Feels like home to me.

Of all the love languages, how I give and receive love, I score lowest on physical touch.

Well, I take that back.  I think I probably score lower on acts of service because I’m lazy.  But I think I was feeling particularly giving the day I took the test, so physical touch came in last.

And rightfully so.  I am NOT a hugger.  I’m not a toucher.  I don’t feel more loved the longer you hug me.  I don’t feel neglected if you don’t.  I had a roommate once, whom I love dearly, but she is a physical touch person.  She drew life from just sitting close on the couch.  Me?  That makes me feel nervous and like I’m going to slither out of my skin.

My college roomie and bfry Candace and I do not hug.  We had lived together for YEARS, literally YEARS, before we hugged.  It has to be extreme to make us hug.  A breakup.  A wedding.  A friendship recovered.  The “Hot Donut” sign on at Krispy Kreme.  These kinds of things.

Because she, nor I, speak the language of THE CLOSER YOU ARE THE DEEPER YOU LOVE.  [We operate more in the vein of “the funnier you are, the more I love you”.  But we don’t say “I love you” either.  We have a mildly dysfunctional friendship.]

But as for me- Words of affirmation?  Bring it on.  Gifts?  Oh yes sir.  Quality time?  I mean, if you’ve got it, I’ll take it.  Wanna do something nice for me?  Yep, I’ll probably let you.

Just don’t touch me.

But after only 48 hours at home, something has changed.  Or something has been there all along.

Now that I’m home, I can’t hug my friends enough.  I sit by a friend and I want to be touching her hand.  I want to hug my friends and not let go.  I rest my hand on a friend’s knee, just because I can.  I want to hold Haley’s baby right up against my chest until our breaths are in sync.  When I feel arms wrap around me, my eyes fill with tears.

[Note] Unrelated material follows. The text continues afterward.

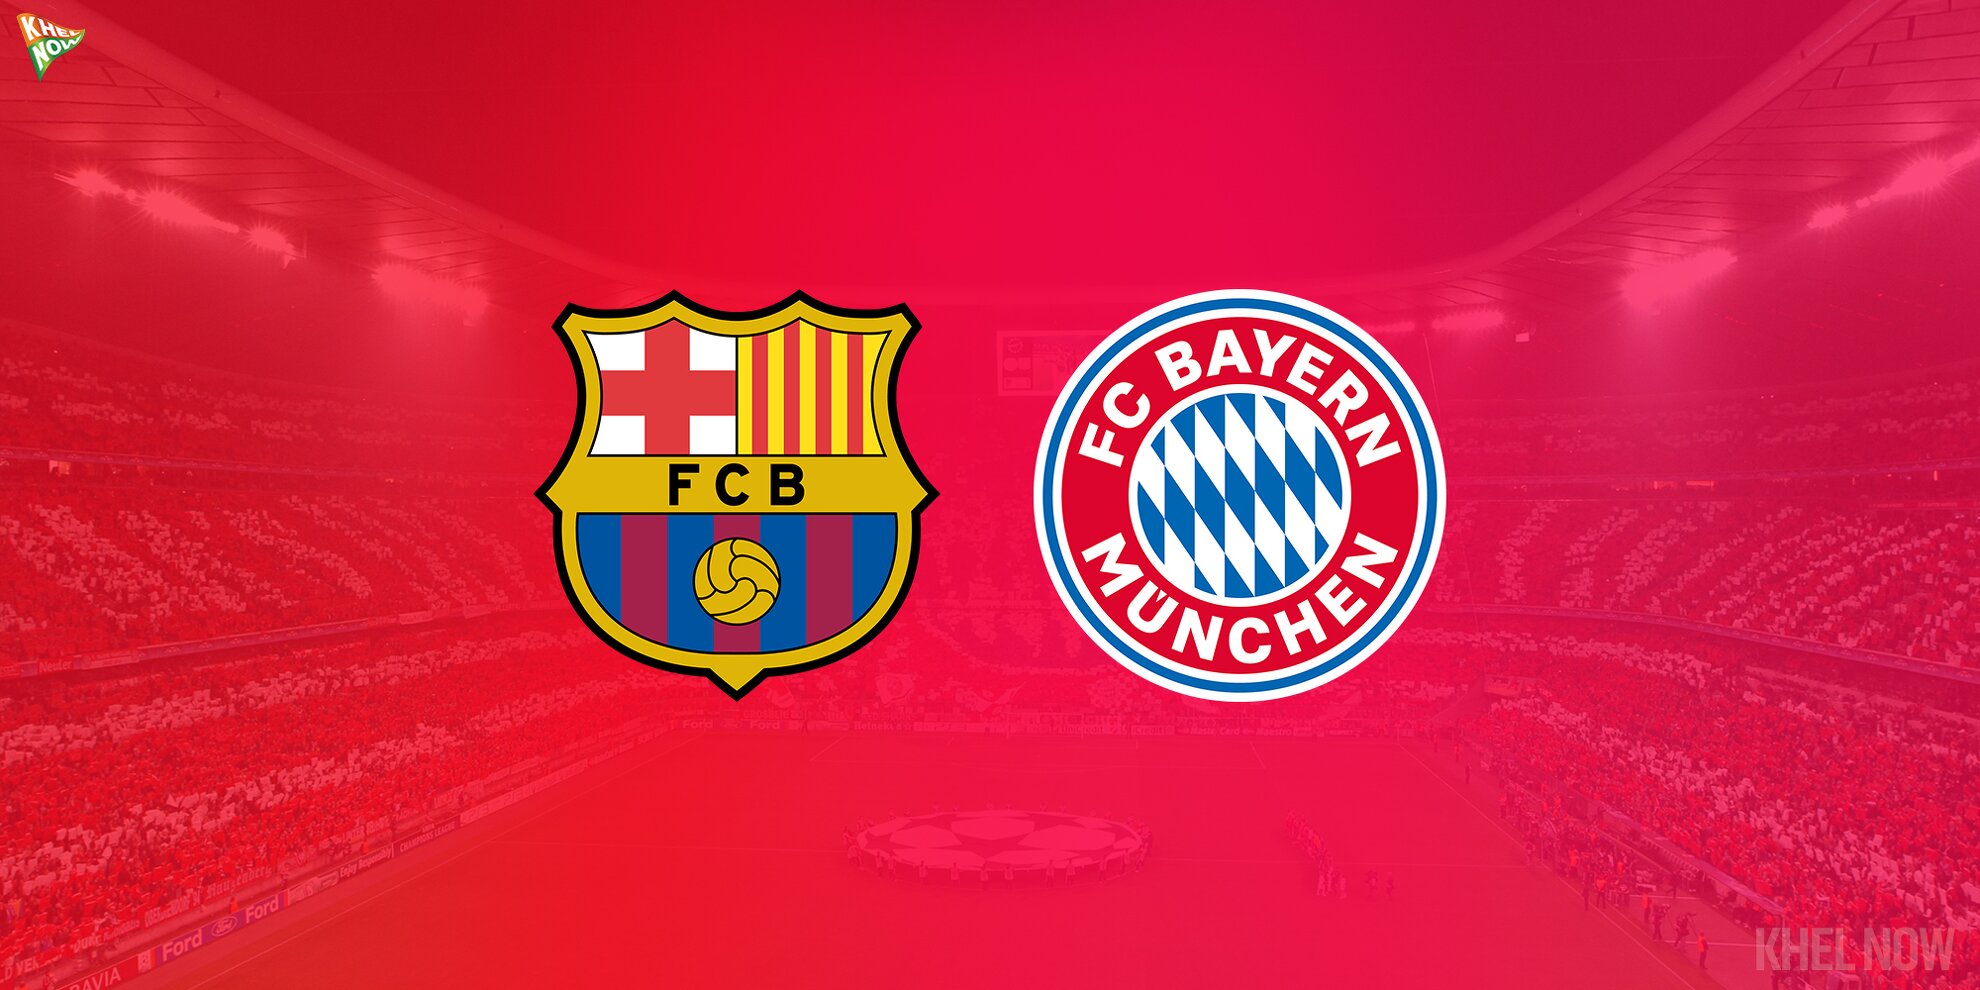 UEFA Champions League 2022-23: FC Barcelona vs Bayern Munich Live Commentary

I walk through a room of my friends and touch every shoulder, my hands lingering like they are drawing something life-giving from each person.

I just love to feel them beside me.  Just to know, with certainty, that they are there.

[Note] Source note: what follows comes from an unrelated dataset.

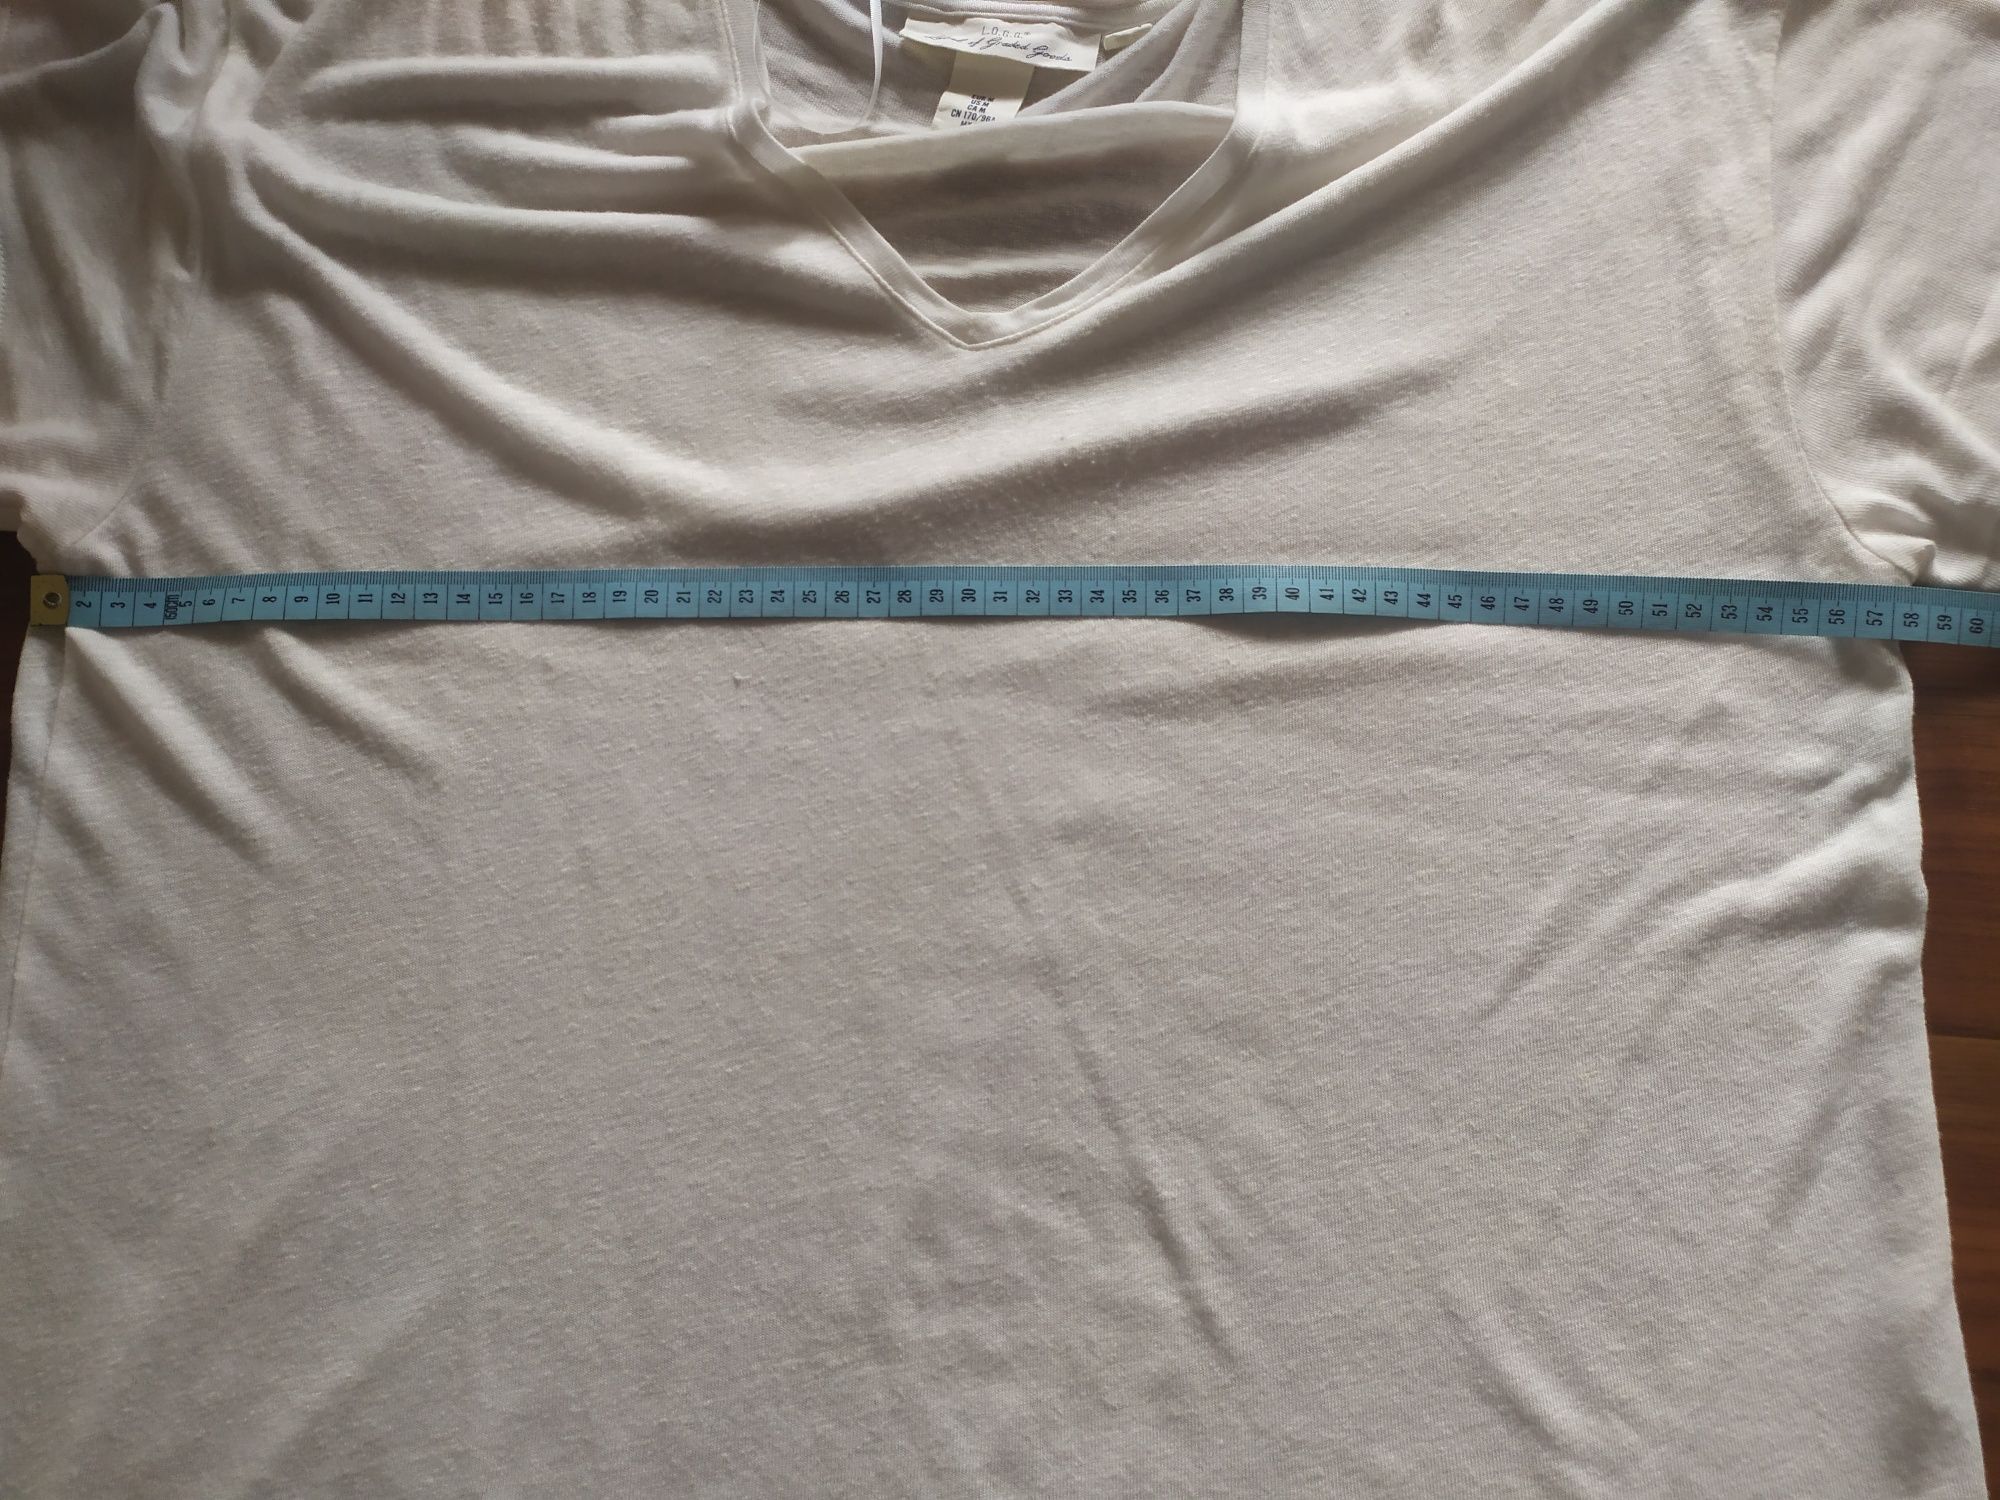 H&M kremowa przewiewna bluzka z rękawkami, t-shirt top.

I stood at the top of the stairs last night and cried in my Daddy’s arms.  I have so missed the feel of folding into my Dad’s chest.  The tight hugs of my Mom.  The softness of a love that is unwavering, expressed through close proximity.

Nashville is good to me.  Don’t get me wrong.  But Nashville doesn’t hold me.  Nashville doesn’t sit too close.  Nashville doesn’t get in my business or my personal space.  Nashville doesn’t let me lean in without purpose.

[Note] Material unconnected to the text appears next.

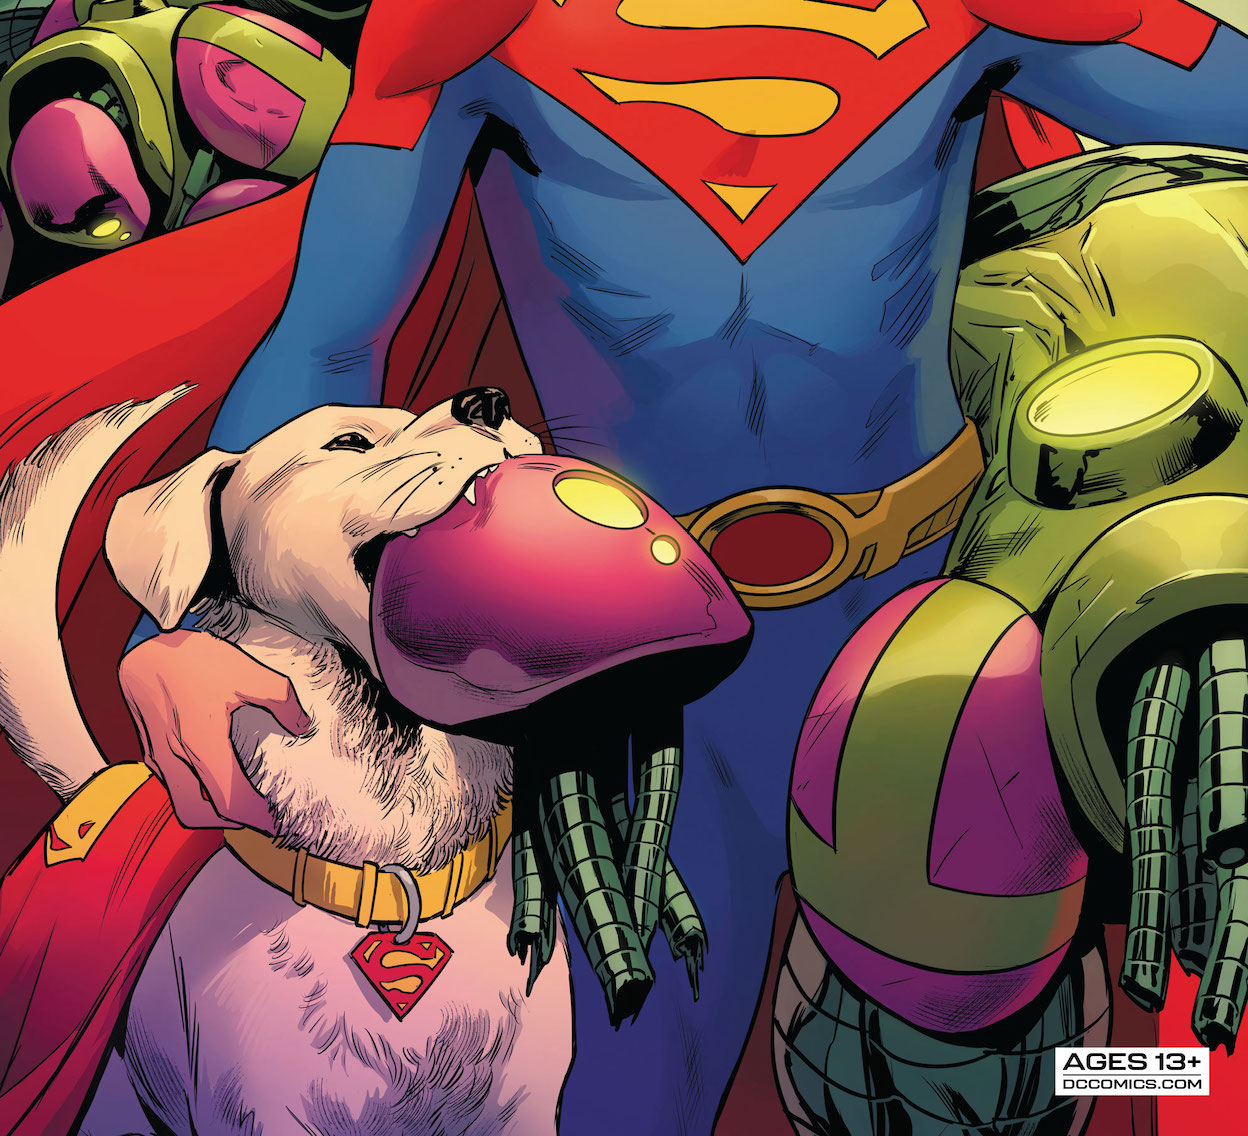 'Superman: Son of Kal-El' #12 blends realism with the fantastical

Nashville and I are still shaking hands.  Marietta and I are sappy long huggers.

I came home this weekend for a wedding that I did not want to miss.  And I’m glad I did.

But maybe this was too soon.  Maybe my heart still breaks too much.  Maybe my Marietta life still feels so right.

I have really missed the feel of home. The literal hold-my-hand-because-you- know-me-and-love-me feel of home.

And I don’t know how to leave it again.